Australian rules footballer, born 1983

Daniel Gilmore (born 2 March 1983) is a former Australian rules footballer for the Fremantle Dockers in the Australian Football League.

After playing nine games in 2004, he had a frustrating 2005, only playing two games and appearing emergency nine times. After playing mainly as a defender or wingman, in 2006 he was tried as a reserve ruckman due to injuries to regular ruckmen Aaron Sandilands and Justin Longmuir. At 91 kg and 191 cm tall he is much shorter than most other ruckmen and has to rely on his leap, speed and endurance to compete.
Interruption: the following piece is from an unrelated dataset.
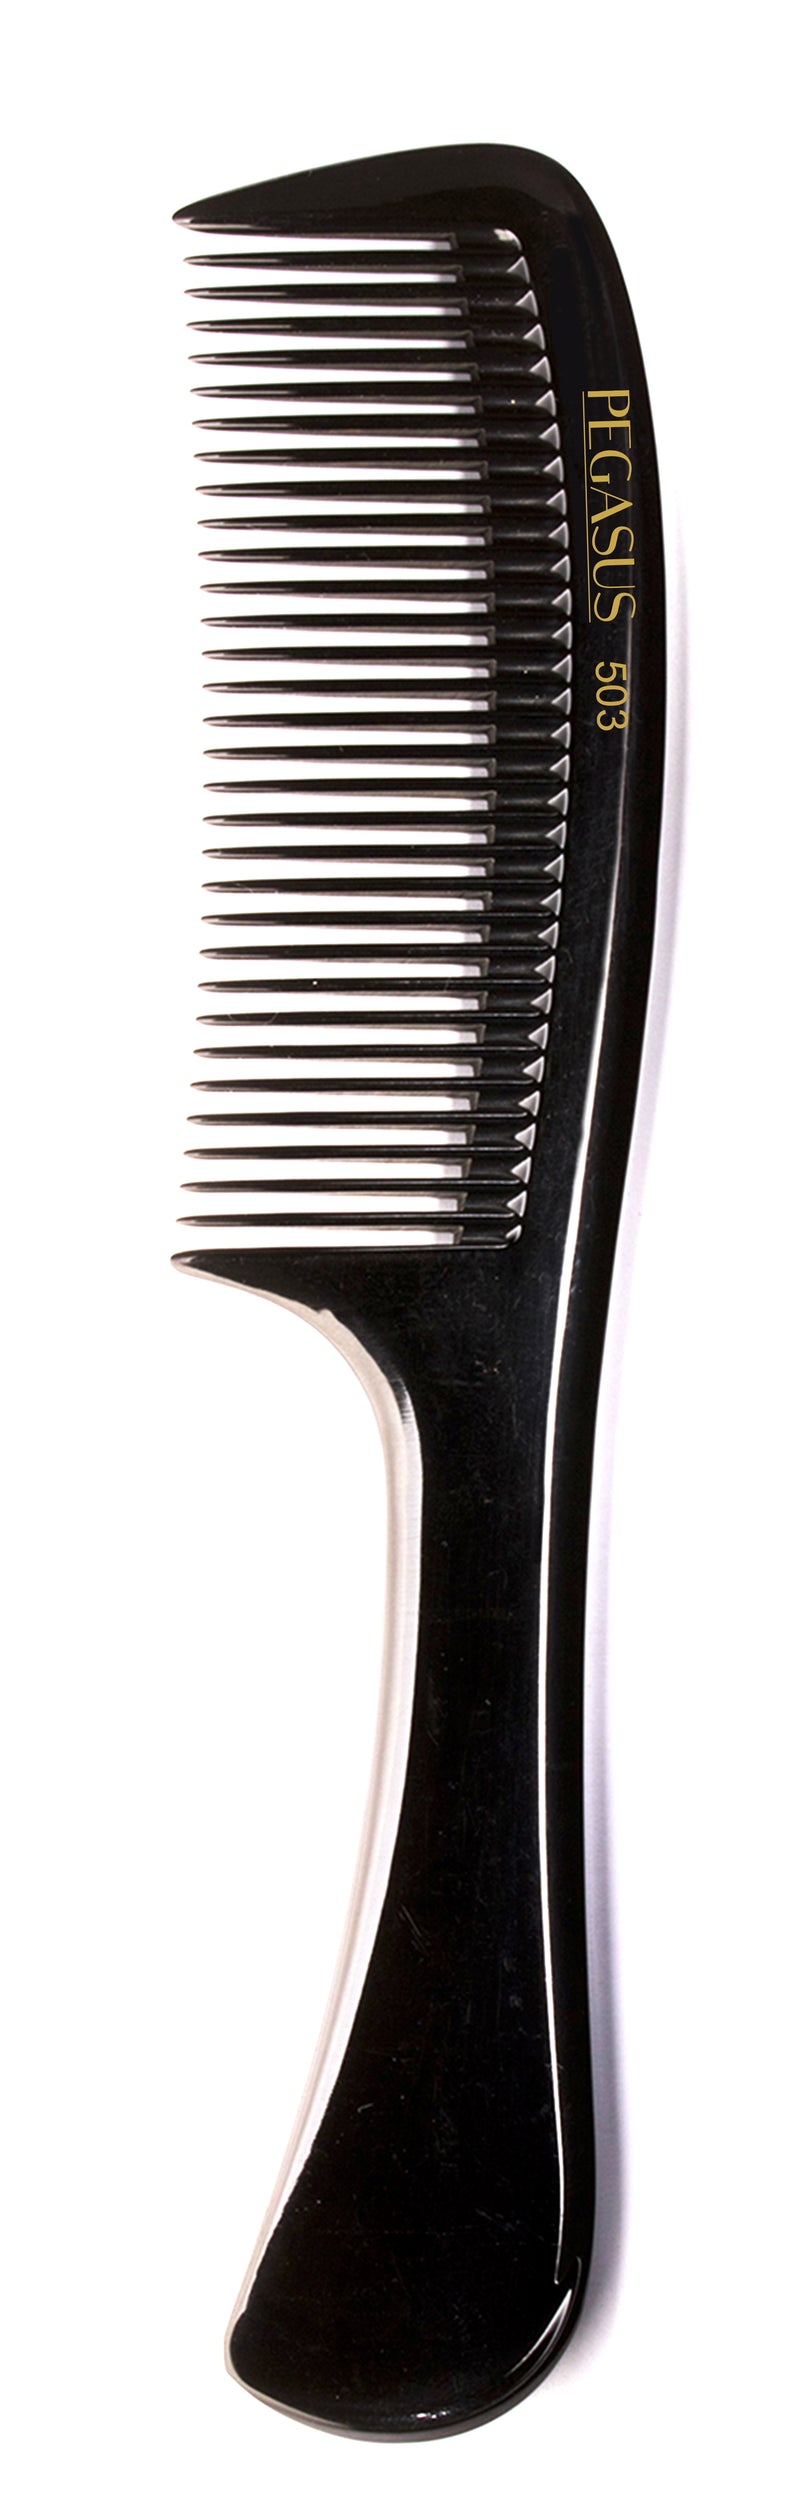 Pegasus Hard Rubber Comb (503) 8.5" Handle Comb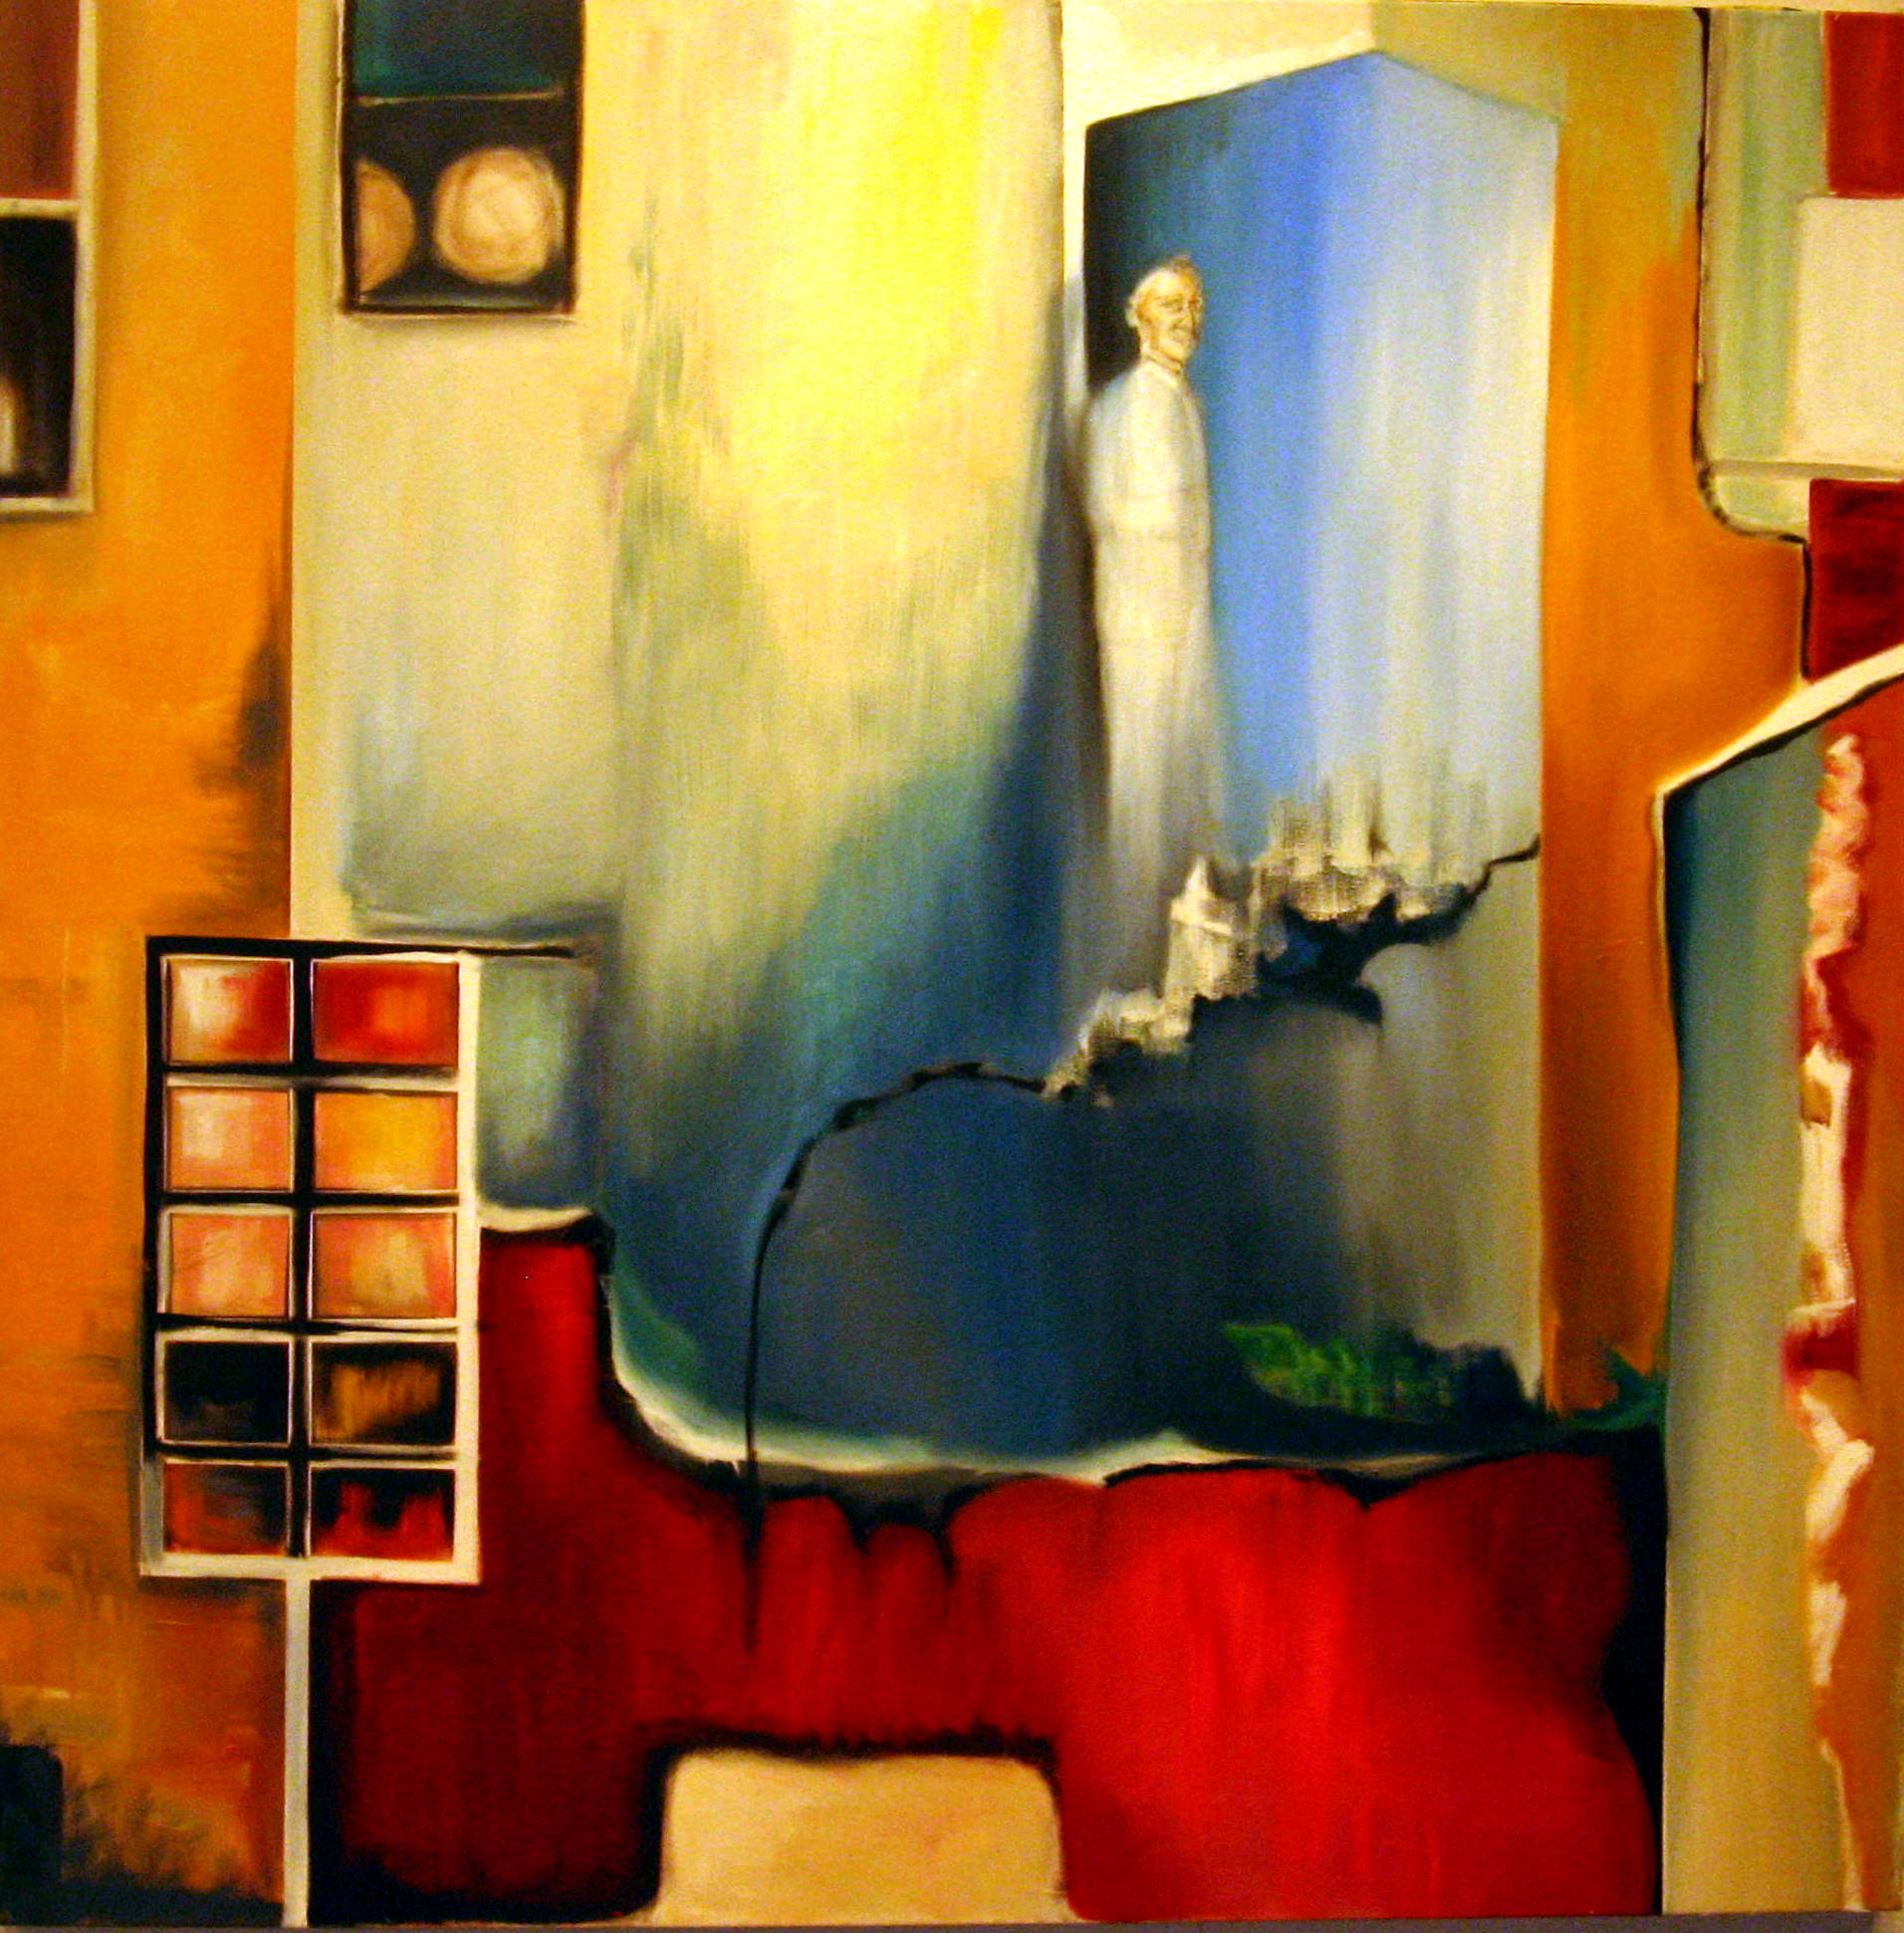 Sandra Vucicevic, THE GATE, 2010, Oil on canvas, 60 x 60

In 2007, he continued to play as a ruckman because of long term injuries to Longmuir and Sandilands, and towards the end of the season produced some of his best football, gaining more than 20 disposals in 4 consecutive games, including a career high 31 against Essendon in round 19.

When not playing for Fremantle, Gilmore played for South Fremantle in the WAFL and in 2005 was a member of their premiership side and finished in the top 10 for the Sandover Medal. At the end of the 2009 season Gilmore was delisted from Fremantle and retired from all football to concentrate on becoming a chiropractor after winning his second WAFL premiership with South Fremantle.

Gilmore was the head coach of the Sydney University Australian National Football Club (SUANFC) in the North East Australian Football League (NEAFL) between 2013 and 2016.

He is the grandson of Brian Gilmore, a member of Footscray's 1954 premiership team.